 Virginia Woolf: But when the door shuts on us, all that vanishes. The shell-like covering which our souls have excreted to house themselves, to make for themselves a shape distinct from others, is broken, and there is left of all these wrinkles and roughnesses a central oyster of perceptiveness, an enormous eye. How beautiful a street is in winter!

---

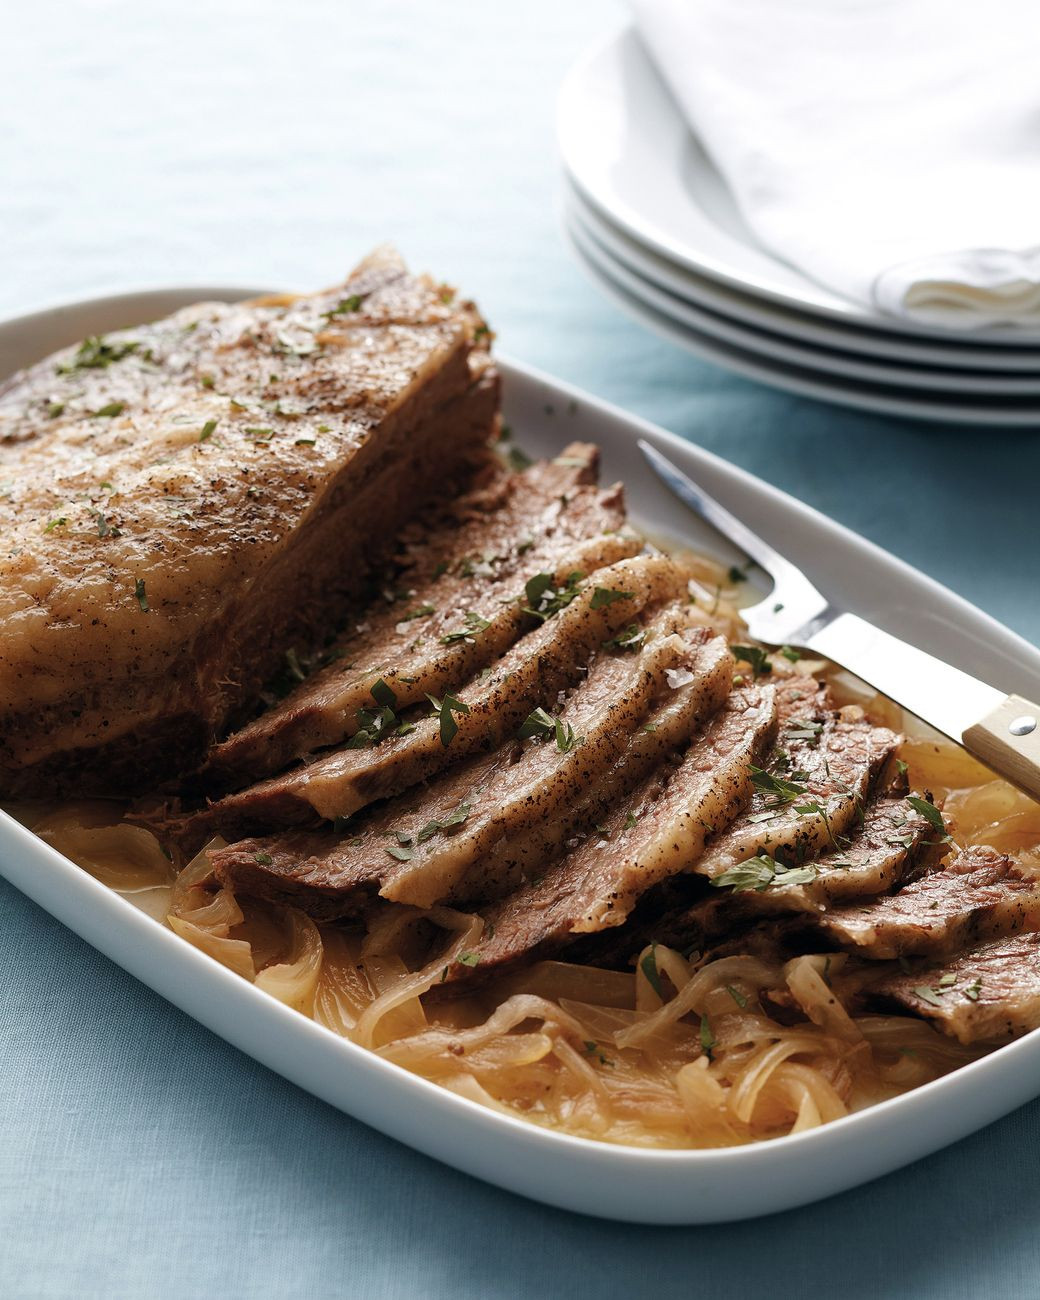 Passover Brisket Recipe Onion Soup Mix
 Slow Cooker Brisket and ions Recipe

--

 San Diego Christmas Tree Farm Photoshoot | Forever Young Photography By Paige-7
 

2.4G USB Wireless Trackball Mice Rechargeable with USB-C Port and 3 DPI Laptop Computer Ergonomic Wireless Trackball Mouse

» WORK REQUIRED:
What you give back should be only the lines of the records above, starting at the line with "San Diego Christmas" and ending at the line with "2.4G USB Wireless", restated word for word.

» WORKED SOLUTION:
 San Diego Christmas Tree Farm Photoshoot | Forever Young Photography By Paige-7
 

2.4G USB Wireless Trackball Mice Rechargeable with USB-C Port and 3 DPI Laptop Computer Ergonomic Wireless Trackball Mouse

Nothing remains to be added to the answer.